What was fun, though, was that the toilets had been labelled as UNISEX for the evening. Maybe it was because the management were nervous about having trans people around the place. But I prefer to think that it was a subversion-of-the-binary thing.

So when I went to the loo, I did a quick eeny-meeny-miny-mo and went into the first of the doors. And there were a couple of chaps standing at a urinal, doing what chaps do. That's OK, I'm cool with that. I popped into a cubicle trying not to feel out-of-place.

Later in the evening, I needed to go again, so I used the other door. By this time, the drink had been flowing generally, and there were several other people milling around. And all the people going into the right hand UNISEX loo were men, and all the people going into the left hand UNISEX loo were women.
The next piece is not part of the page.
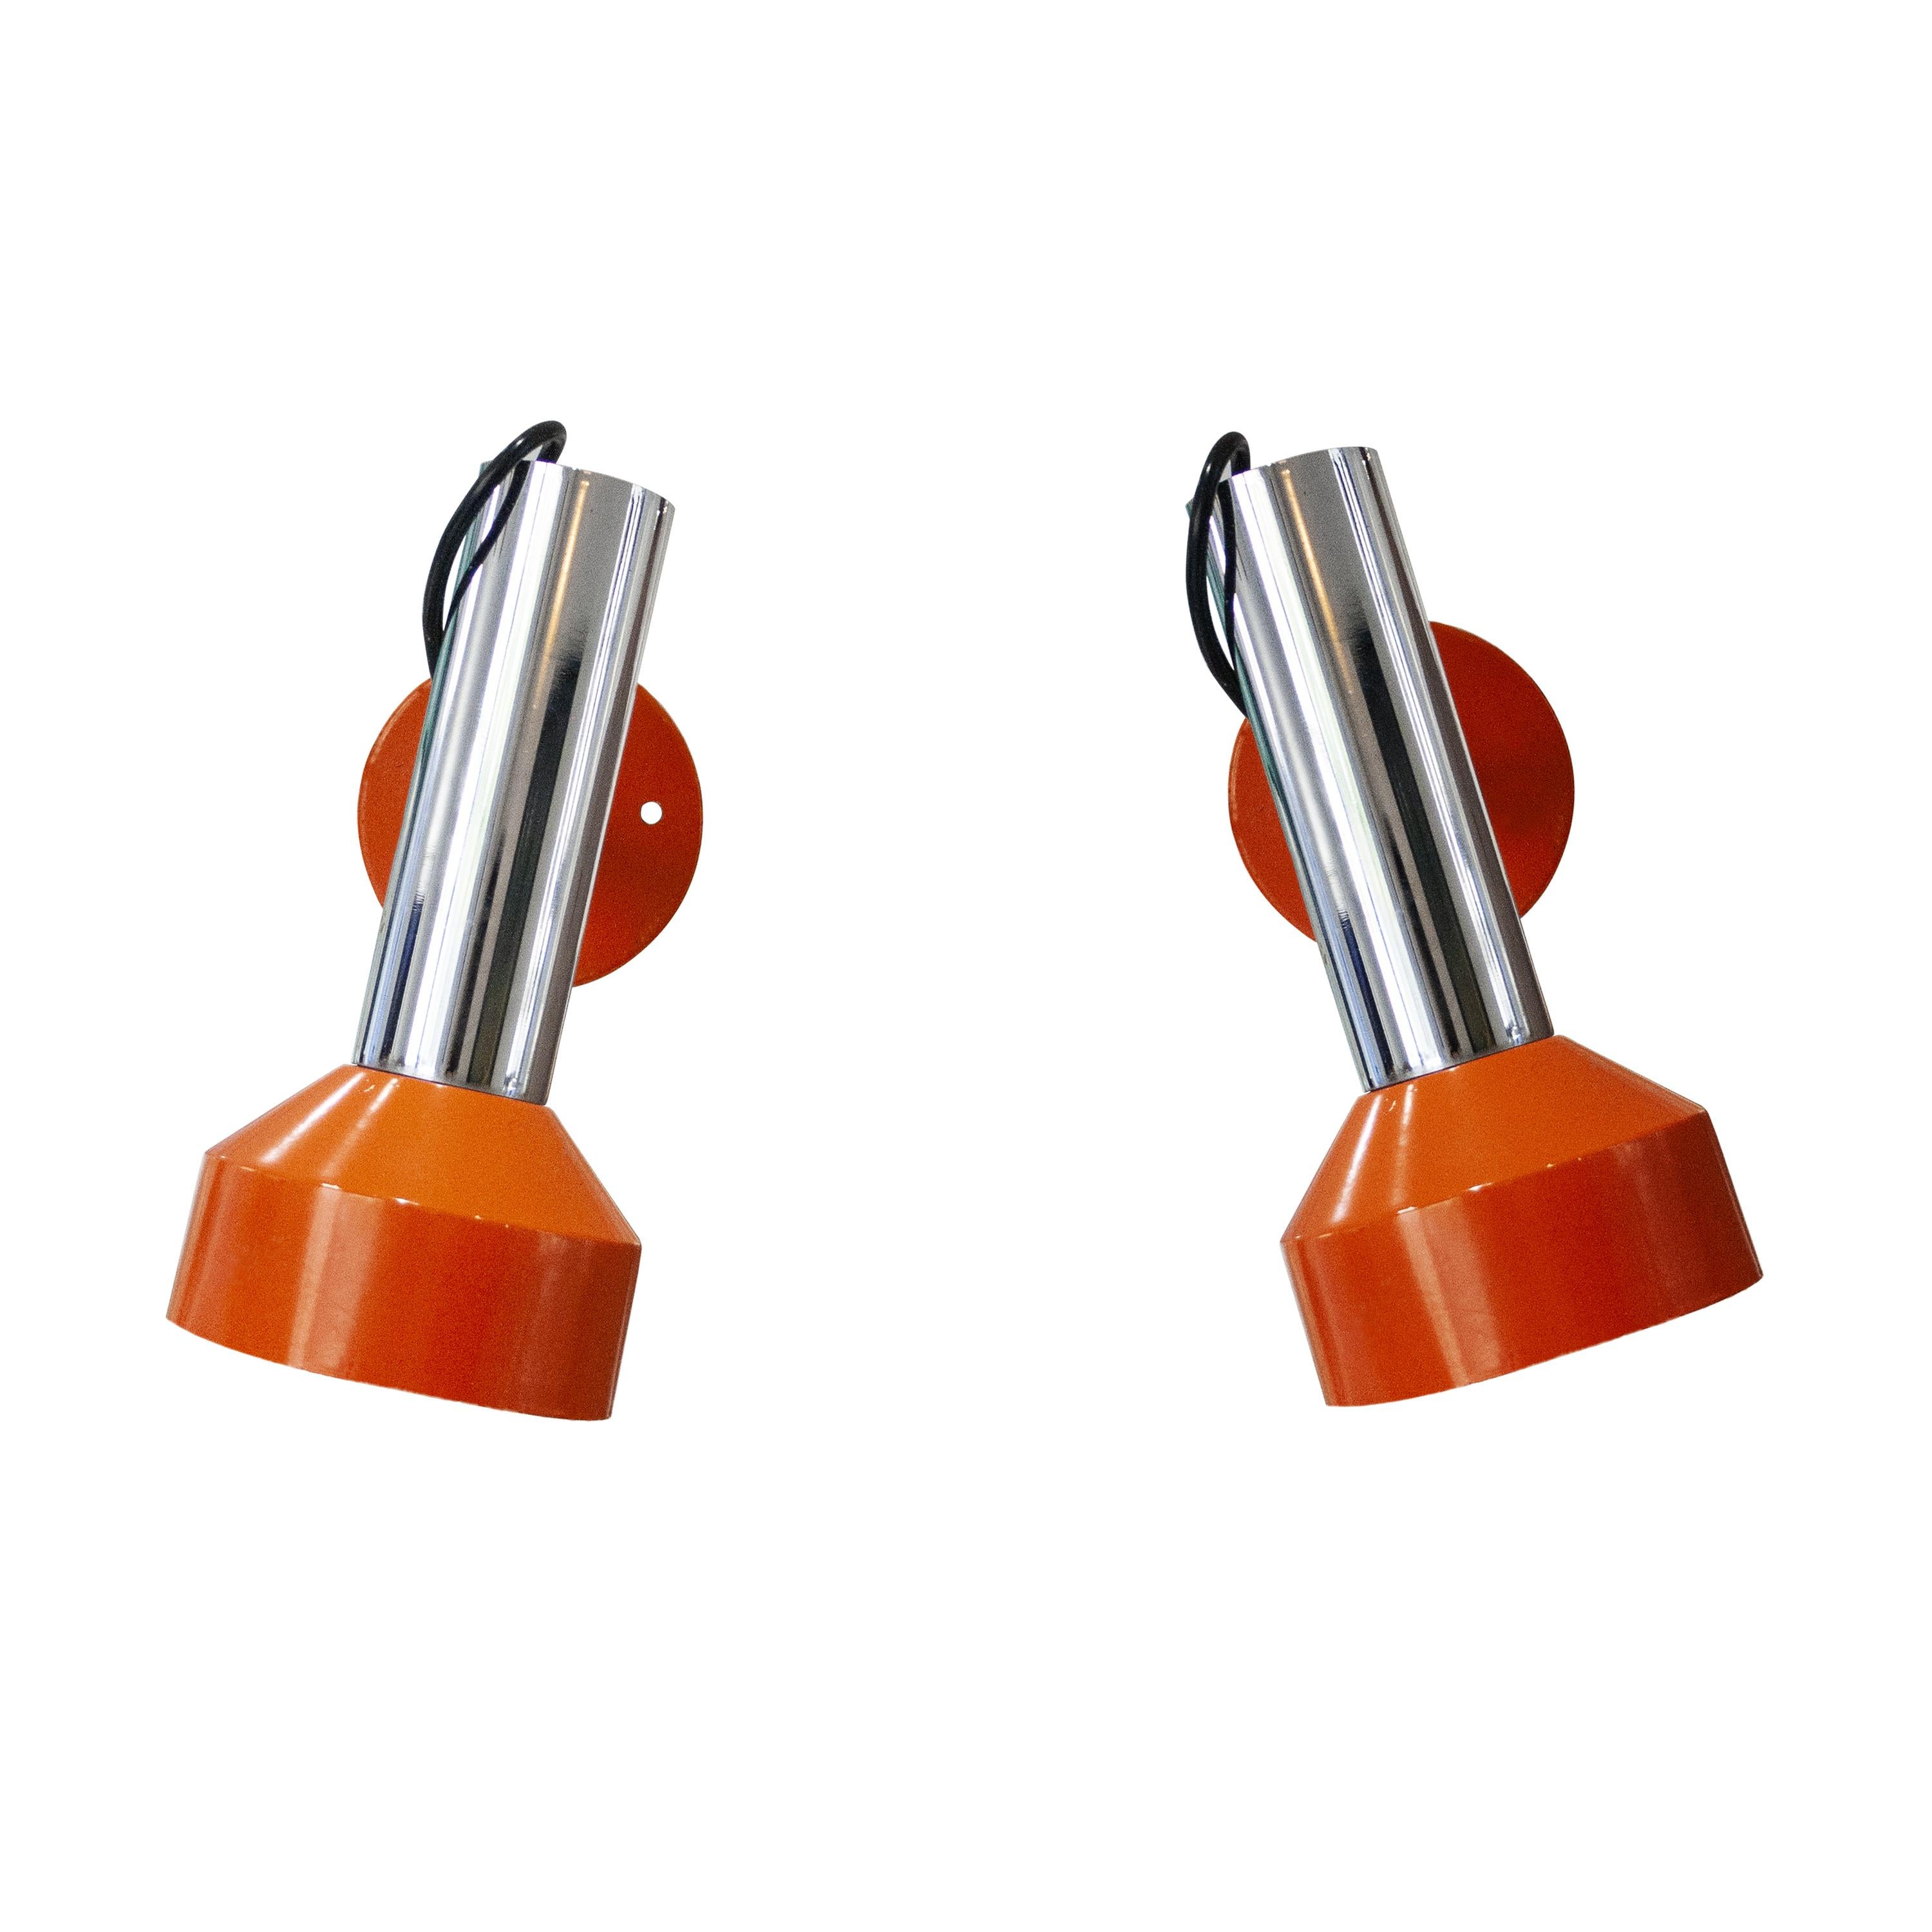  Pair of wall sconces made of chromed steel with orange lacquered details. Each one has a light point and its mobile structure allows different lighting positions and angles.

Fair enough, probably. It reminds me of the time in John Reed's account of the Bolshevik revolution, Ten Days That Shook The World, where the revolutionary council votes enthusiastically to abolish smoking, and then continues smoking.


  1. I imagine the women collared the cleaner loo very early on, and kept it going, one after another, as 'their' loo.

    Let's face it, wee on the toilet seat (or on the nearby floor, men's aim being notoriously erratic) is dreadfully offputting. It's all right for hardy types who have lived before the mast. Namby-pamby sorts like to sit down on dry seats!


  2. Should have closed the "gents" for the night and taught them a few lessons like queuing and hygiene!

    Vive "LA" revolution!

    Caroline xxx

  3. The "seat up or down" issue is an incendiary one, I agree. I'm trying to teach my boys about aiming carefully and using toilets not trees in parks but ... for whatever reason I feel I am on a hiding to nothing.
    Anyway - surely the women should take possession of both sets of facilities for the evening - when are there ever enough Ladies' conveniences?
    I can't remember that bit about the Bolsheviks and smoking - sounds like a Monty Python sketch.

  4. I'm all for unisex loos in theory, though in reality blokes' bogs are pongy and often pretty rancid. (I used to have to go and fix them when they went wrong, on the ferry; one of the last encounters was some considerable time after midnight on a booze crooze, when the long urinal tray had become blocked with a false moustache, and the whole place was awash with piss sloshing to and fro with the rolling of the ship.... and of course there were drunken drongos wondering who or what I was, while I was sorting it out...)

    I just did a check, Federay, and it is not exactly as I remembered, but close enough. Maybe I was thinking of the film version... impressed that you've read it too, though!

  5. Dru, I'm just glad you can paint with words the unpaintable!